# HEVI SHOT ?



## cut'em (Oct 23, 2004)

I realize chokes are designed and shoot differently with steel or lead. what then does Hevi shot act or shoot like, should you use the choke codes for lead or steel?
thanks


----------



## Burly1 (Sep 20, 2003)

From my experience, nothing tighter than modified choke should be used with Hevi-Shot. Remember, you are dealing with a harder shot than steel. Good shooting, Burl


----------



## ndwaterfowler (May 22, 2005)

I shoot everything from steel to hevi-steel to tungsten and hevi-shot through my pattern master, haven't had a problem yet.


----------



## the Bender (Mar 31, 2005)

Best thing you can do is to get out and pattern your gun. Bring a notebook, and keep a record of your findings. Maybe bring some expired snow geese if you want to know about energy or oomph... 
I shoot an 870 and I recently put in my factory full-choke. I have never shot so poorly in 6 months. There are alot of little differences like shot density, pellet weight, speed, and kinetic energy.(knockdown power) Hopefully you can drop em dead as a limp dish-rag. Good luck.


----------



## Greg_4242 (Feb 21, 2005)

I use a duck commander improved modified extended choke during the spring snow goose season (the only time I will shell out the money for shells that are $1.50 to $2 a shell). The hevi shot patterns awsome. A friend and I crawled within 35 yrds of about 1000 snows last year and pounded 38 out of the flock. You would never be able to do that with steel! Thats almost 5 birds a shot!


----------



## Dan Bueide (Jul 1, 2002)

Assuming the constants of speed, payload and shot quality (because varying these factors will in and of themselves affect "pattern"), steel will generally pattern tighter than lead and HS tighter than steel. Steel better than lead because steel does not deform like lead and any given "bang" of steel will produce less "fliers" that form the outside edges of your pattern. HS better than steel because it is also very hard and resists deformation, but more importantly because of it's weird shape. As was explained to me, the shape of HS was purely a function of the manufacturing process - they couldn't get it to come out round through traditional shot mfg. processes. As it turns out, the wierd shape is actually more aerodynamic, flies truer and thus patterns tighter.

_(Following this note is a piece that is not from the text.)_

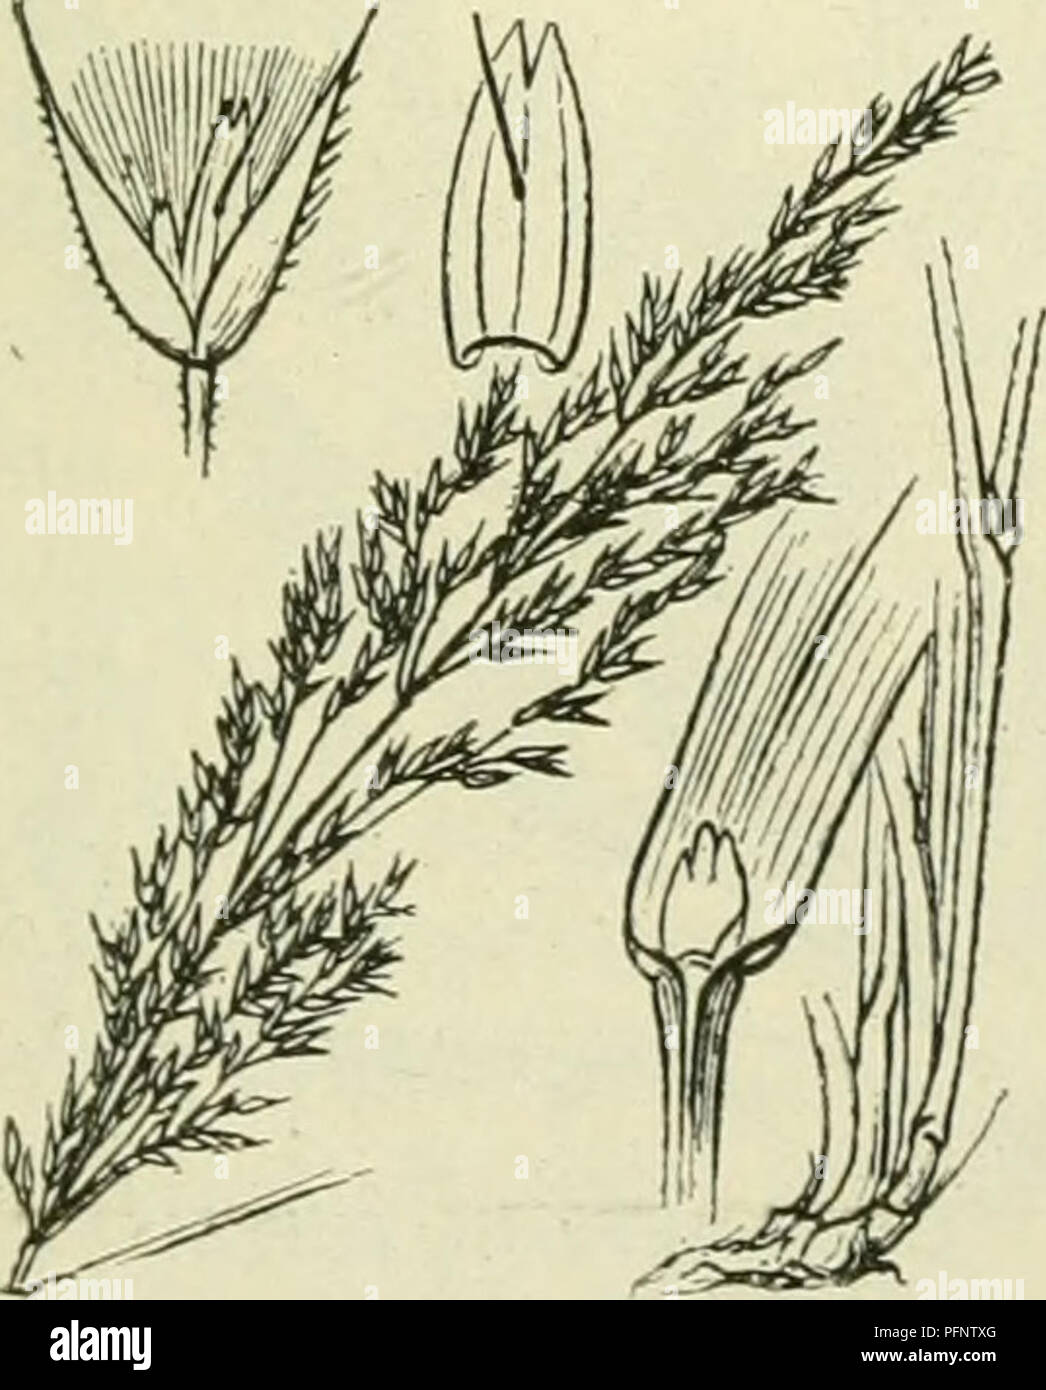 . De flora van Nederland. Plants. Calamagrostis lanceolata Fig. 404. De kelkkafjes (fig. 404) C. lanceolata ') Rth. (C. CalaiiiagrÃ³stis Karst.). I^ 1 u i in riet (fig. 404). Deze plant heeft een kruipenden wortelstok met vrij dunne uitloopers en vormt kleine zoden. De stengel is rechtopstaand, iets slap, beneden glad, boven (boven het bovenste blad beginnend) ruw, vaak vertakt. De bladen hebben een gladde of iets ruwe, aan de onderste soms boven zacht be- haarde scheede en een vrij smalle (tot 5 mM breede), soms (vooral aan de zijloten) borstelvor- mig samengevouwen, boven zeer ruwe, meest ta Stock Photo

So, applying this to your question, you can generally achieve the same pattern densities by opening up choke along the lead/steel/HS spectrum. Only the pattern board will tell you how much farther you can open up and still achieve lethal densities, and it may not be a one factory choke tube difference between steel and HS. May be more like 4-6/1000ths, which is something on the order of a half factory choke tube difference. Drakekiller (PM him) can make you a tube to any 1000ths constriction you'd like.


----------



## jhegg (May 29, 2004)

Dan,

In any given shot size, steel will only pattern tighter than unbuffered lead shot and then only out to 50 yards or so. You are correct in that the improved form factor of steel shot over unbuffered lead shot does give steel shot an advantage over unbuffered lead shot for short to medium ranges. At long ranges though, even unbuffered lead shot - in a reasonable pressure load - will outperform steel shot.

The reason hevi-shot patterns so well is that it has a high density. The higher the density of a given diameter pellet, the less it de-cellerates over a given distance and the less it disperses laterally (assuming a reasonably round pellet). This translates into a higher energy pellet at any given range that also provides a denser pattern at that range. Thus, we are able to use a smaller pellet size and increase pattern density. Increasing pellet density is a winning proposition, until we look at the cost that is.

Jim


----------



## Dan Bueide (Jul 1, 2002)

Jim,



> At long ranges though, even unbuffered lead shot - in a reasonable pressure load - will outperform steel shot.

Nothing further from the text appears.